DATA SECTION section start

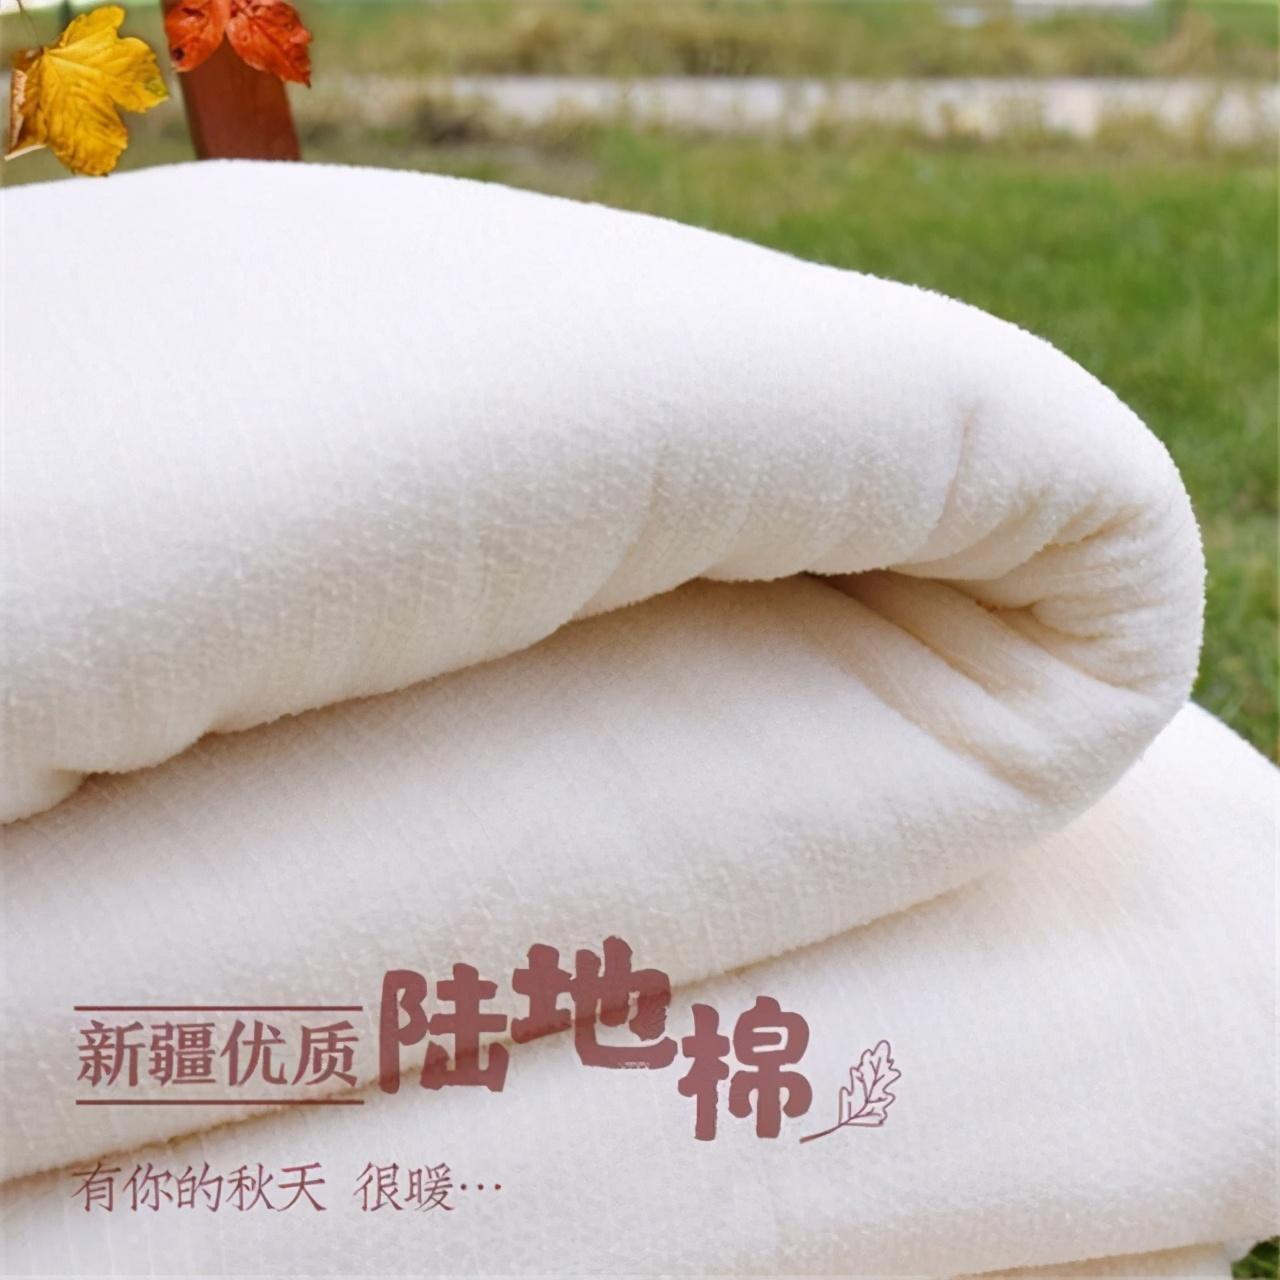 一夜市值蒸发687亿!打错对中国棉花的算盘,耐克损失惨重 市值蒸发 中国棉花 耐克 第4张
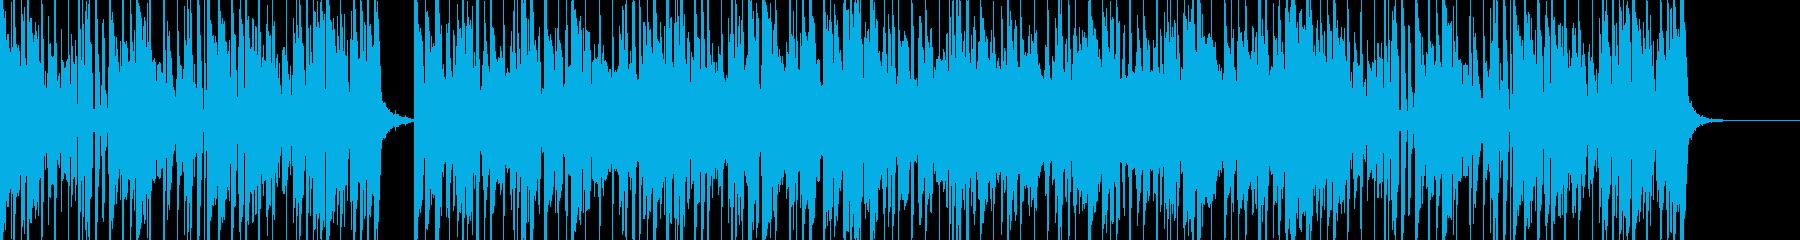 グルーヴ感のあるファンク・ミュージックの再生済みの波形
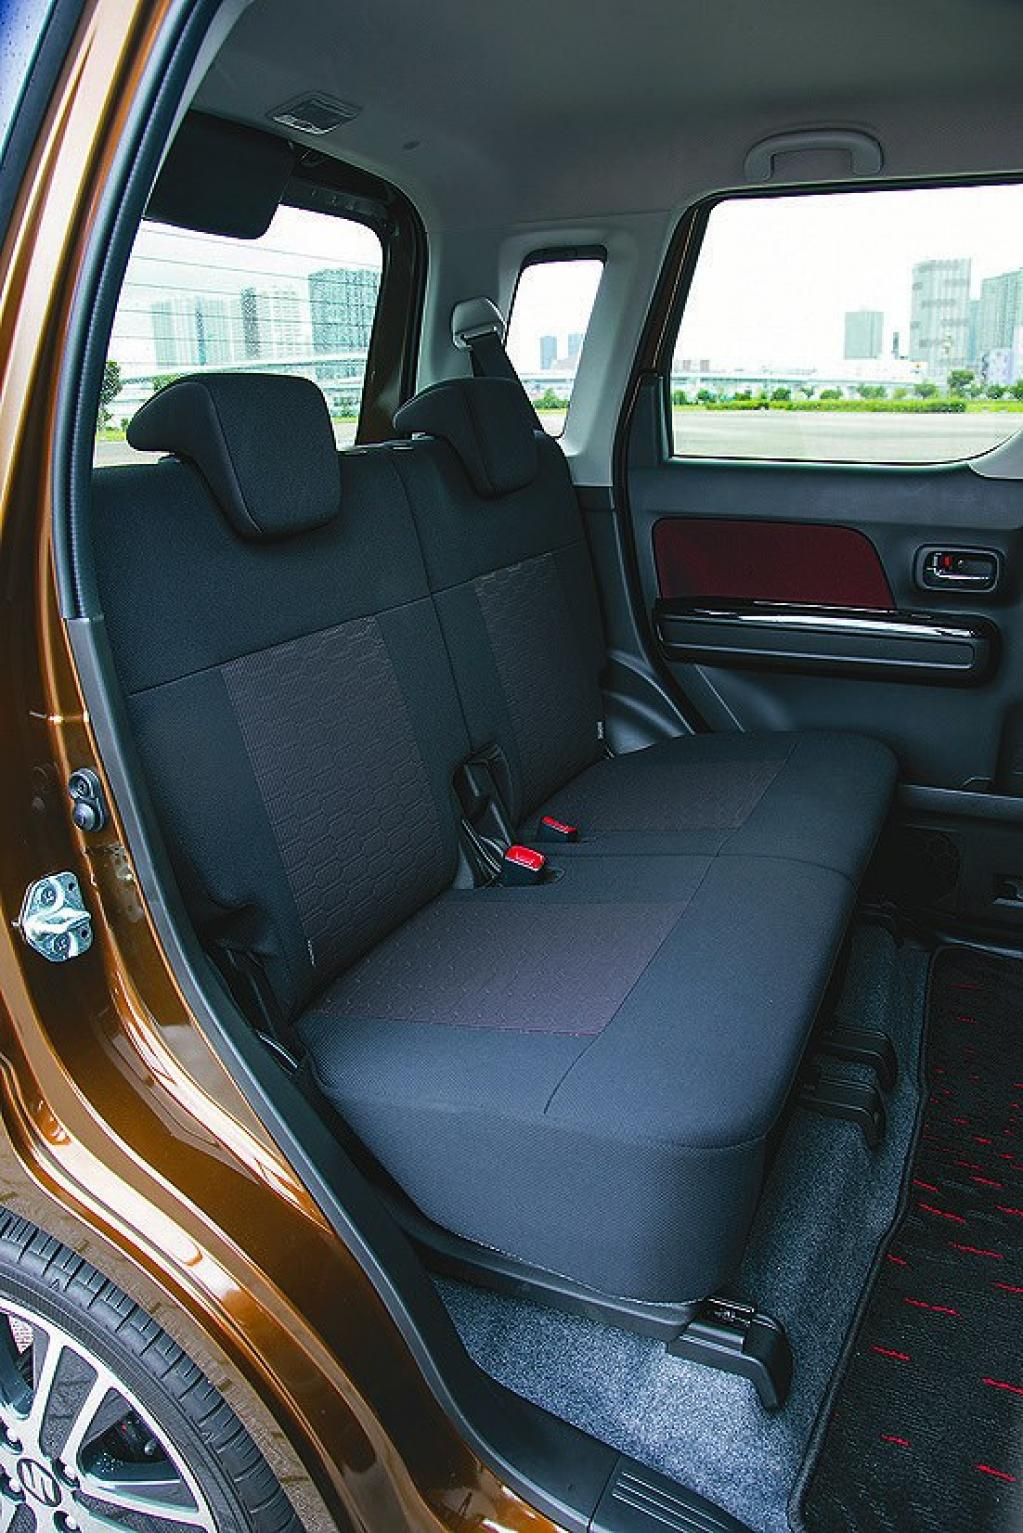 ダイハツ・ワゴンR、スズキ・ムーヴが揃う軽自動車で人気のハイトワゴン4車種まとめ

DATA SECTION section end

**TASK DESCRIPTION:**
Take the line that contains "グルーヴ感のあるファンク・ミュージックの再生済みの波形" and all lines after it to the end of the material above, and copy them verbatim without any images.

**ANSWER TO THE PROBLEM:**
 グルーヴ感のあるファンク・ミュージックの再生済みの波形
 ダイハツ・ワゴンR、スズキ・ムーヴが揃う軽自動車で人気のハイトワゴン4車種まとめ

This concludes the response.